Натан Шахам - Квартет Розендорфа Страница 22

Тут можно читать бесплатно Натан Шахам - Квартет Розендорфа. Жанр: Проза / Современная проза, год -. Так же Вы можете читать полную версию (весь текст) онлайн без регистрации и SMS на сайте Knigogid (Книгогид) или прочесть краткое содержание, предисловие (аннотацию), описание и ознакомиться с отзывами (комментариями) о произведении.

Натан Шахам - Квартет Розендорфа читать онлайн бесплатно

Натан Шахам - Квартет Розендорфа - читать книгу онлайн бесплатно, автор Натан Шахам

Я не мог отказаться от скрипки. Это почему-то сильно меня угнетало. Точно я не выдержал испытания.

И тогда я создал в Иерусалиме трио с госпожой Файнгольд и с мистером Зильберманом, оно просуществовало до того времени, как в стране вспыхнули беспорядки. Совсем не плохое трио по местным масштабам, если учесть, что я мог посвятить ему только один день и два вечера в неделю. Мы также иногда давали концерты и чувствовали себя настолько хорошим ансамблем, что у нас достало наглости играть перед Губерманом.

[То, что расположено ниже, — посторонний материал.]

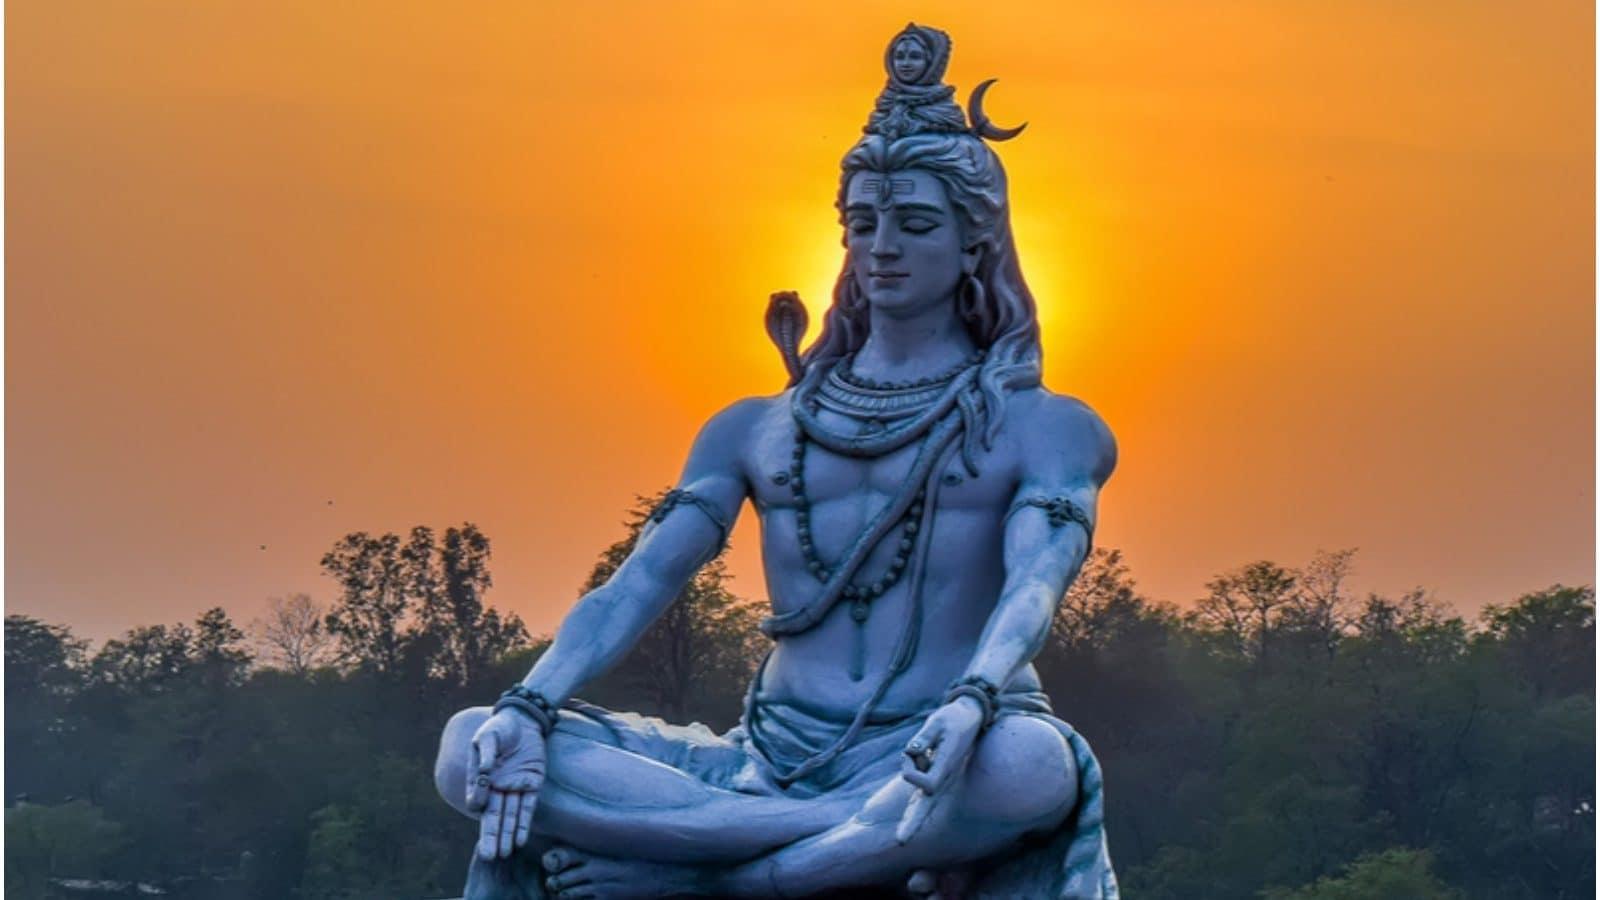 Aaj Ka Panchang, July 25, 2021: Check Out Tithi, Shubh Muhurat, Rahu Kaal and Other Details for Sunday

Кстати, это было для меня большой неожиданностью. Работа в коровнике не испортила моей техники. Пальцы мои не загрубели от дойки, и я легко вошел в форму. Временный перерыв даже оказал благотворное воздействие. Во мне произошло какое-то внутреннее созревание, да и с музыкальной точки зрения я стал более зрелым. Точно так же, как голод увеличивает аппетит и возвращает вкус простым кушаньям, так и отречение от музыки, попытка отказаться от нее вернули мне вкус к ее элементарным основам. Я снова открыл для себя очарование скромной лирики. Научился ценить весомость тишины, завершающей музыкальную фразу, которая содержит вопрос и отказывается от ответа. Быть может, повлиял и опыт бурных личных переживаний. Музыка вновь открылась мне как история человеческой души, охватывающая широкий спектр чувств. Тот факт, что на какое-то время я поставил под вопрос само право музыки на существование, и в звуке дыхания добродушных коров и в коровьих лепешках нашел более высокие нравственные ценности, чем в «Магнификате» Баха, — все это заставило меня открыть в своей душе более серьезное тяготение к духовному миру, воплощенному в музыке.

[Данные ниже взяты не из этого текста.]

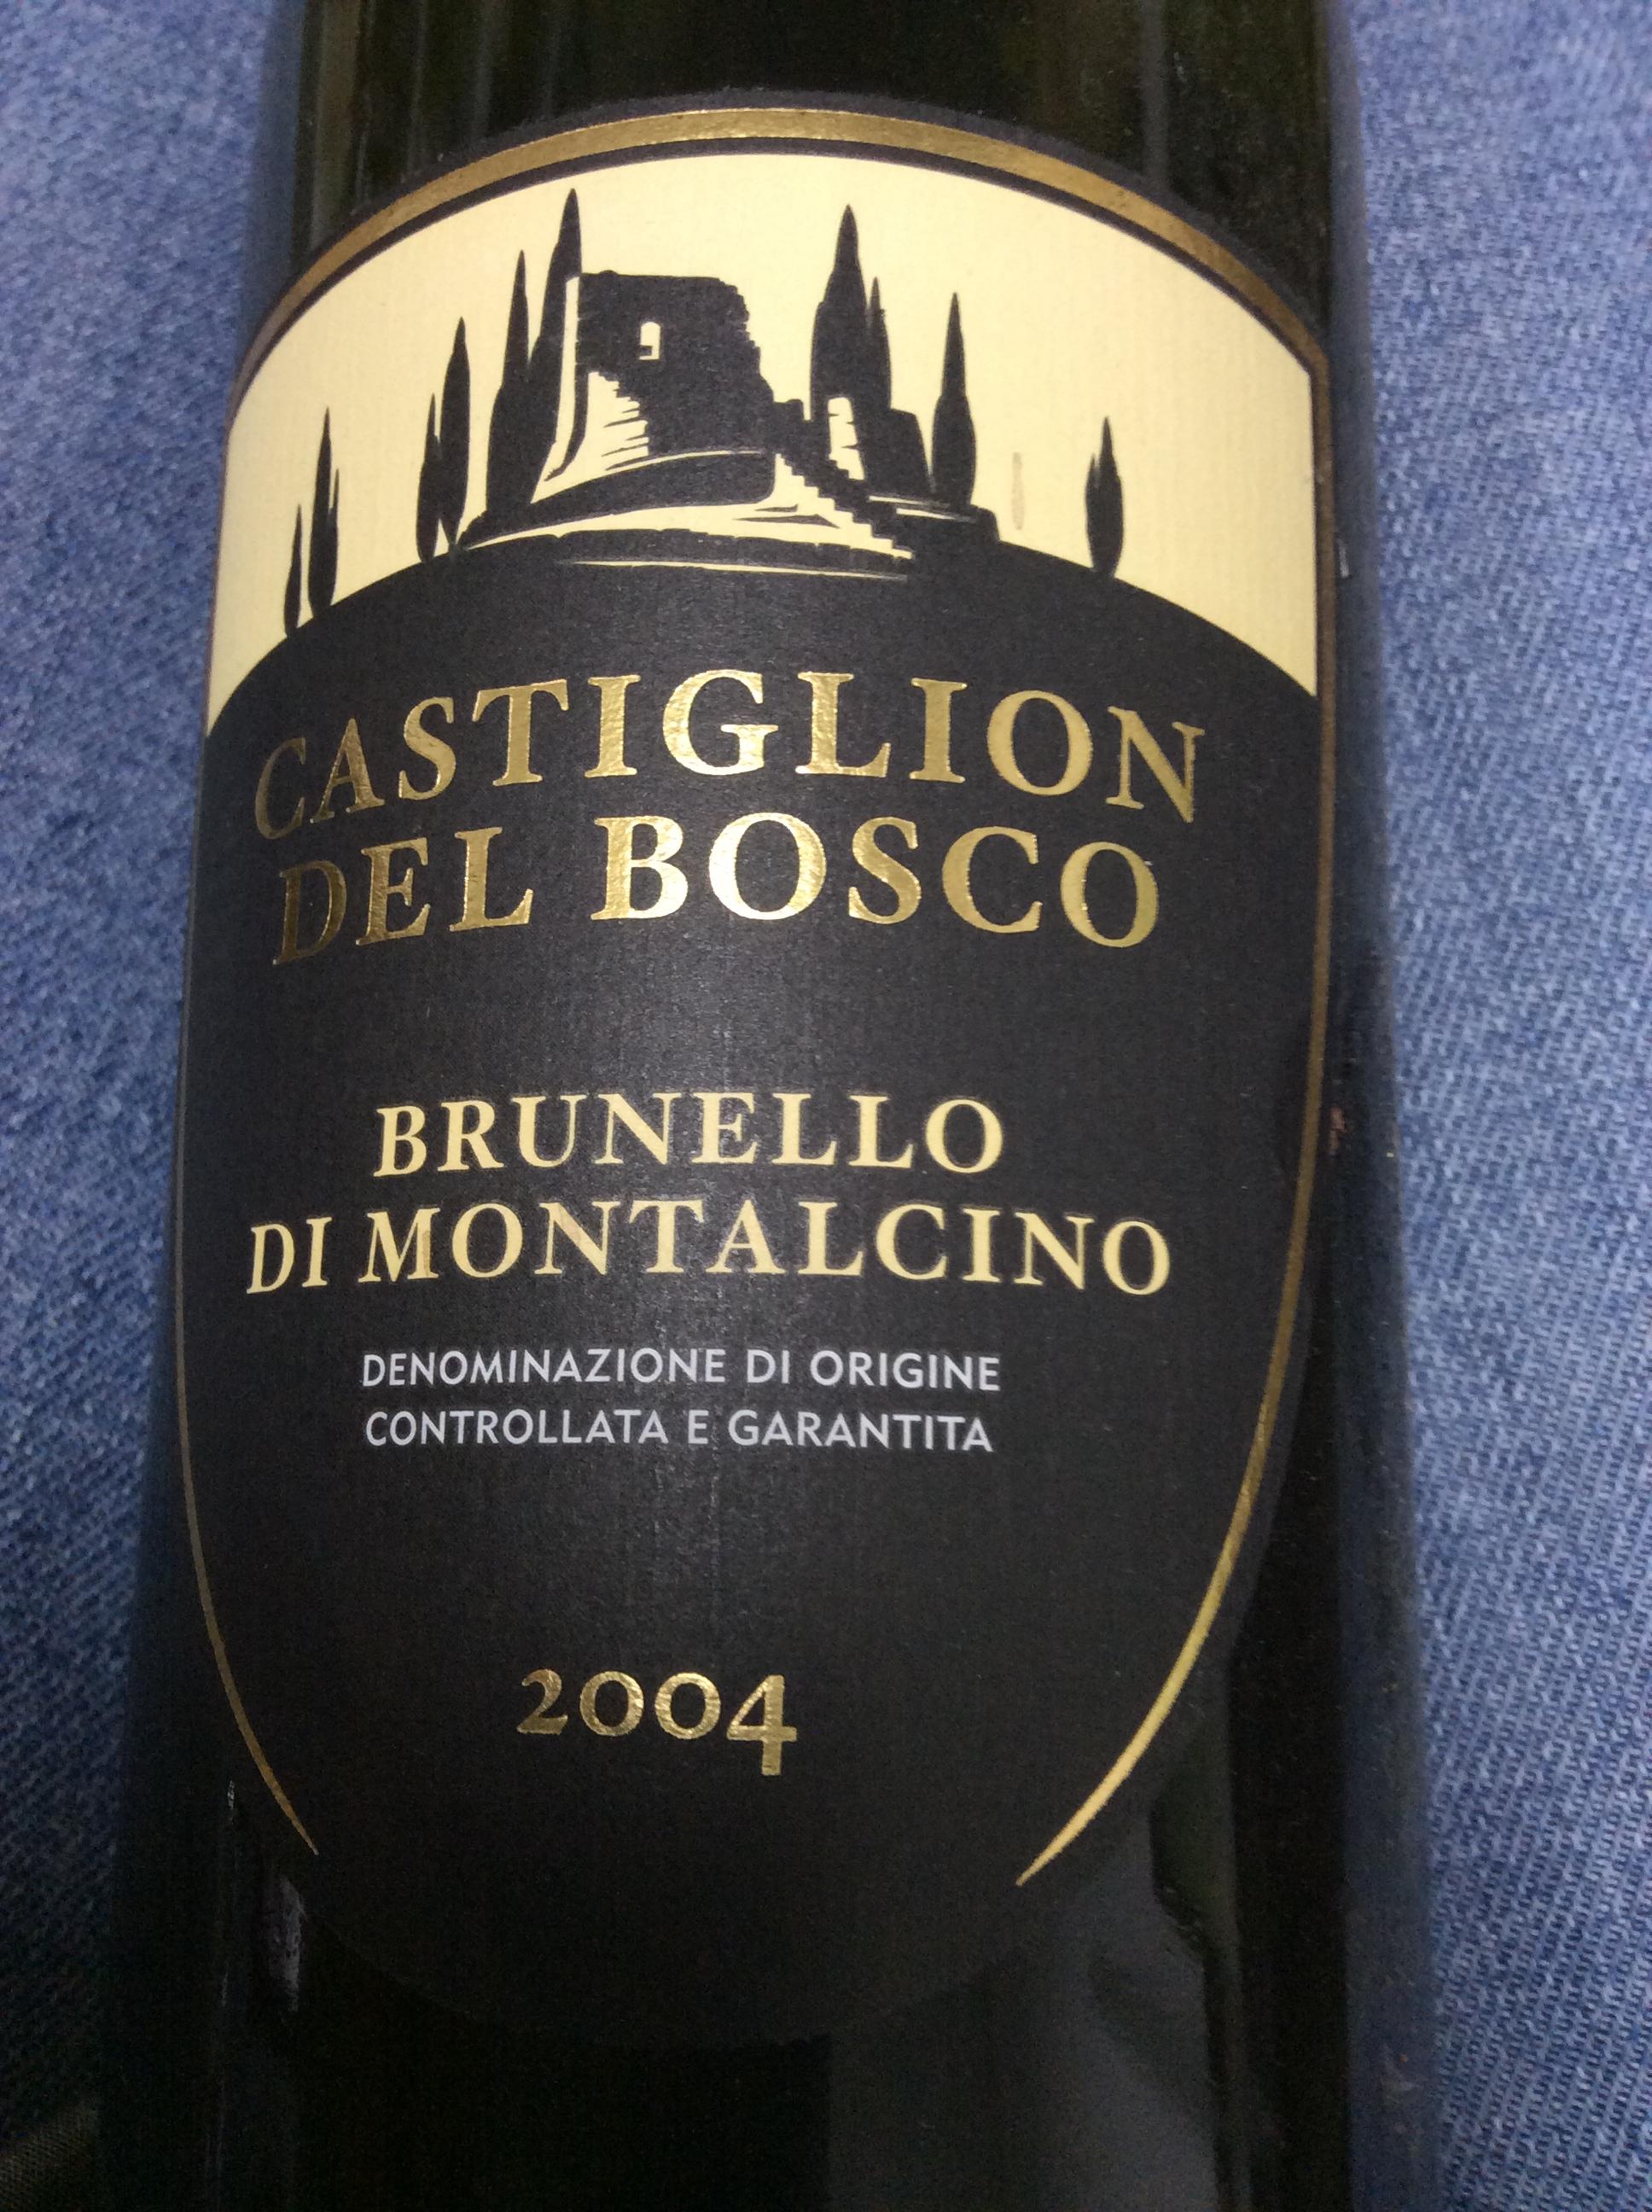 卡斯蒂利奥内布鲁耐罗干红Castiglione del Bosco brunello di montalcino

Это примирение принесло мне много радости. Некоторое время меня удовлетворял такой компромисс между искусством и жизнью. Бен-Шемен был местом, где я мог найти счастье. Я делил свое время между делом, которое исполнял достаточно хорошо, в меру своих сил, и другим делом, важность которого признавал. Большего мне и не надо. Думал, что если судьбе будет угодно, я обзаведусь семьей. Отцу я написал: «Я нашел свое место и себя». Он ответил: «Если это действительно так, я буду счастлив твоим счастьем…»

Когда Губерман предложил мне вступить в симфонический оркестр, я не дал ему ответа сразу. То была немалая наглость. Люди дожидались очереди, чтобы пройти трудный экзамен, а я позволил себе колебаться. Сперва я сказал Губерману, что не уверен, достоин ли я. Он улыбнулся в ответ: он слышал меня в Иерусалиме. А потом сказал: «Я ведь не предлагаю вам место концертмейстера. Всего лишь второй скрипки. Для этого вы, по вашему мнению, достаточно хороши?»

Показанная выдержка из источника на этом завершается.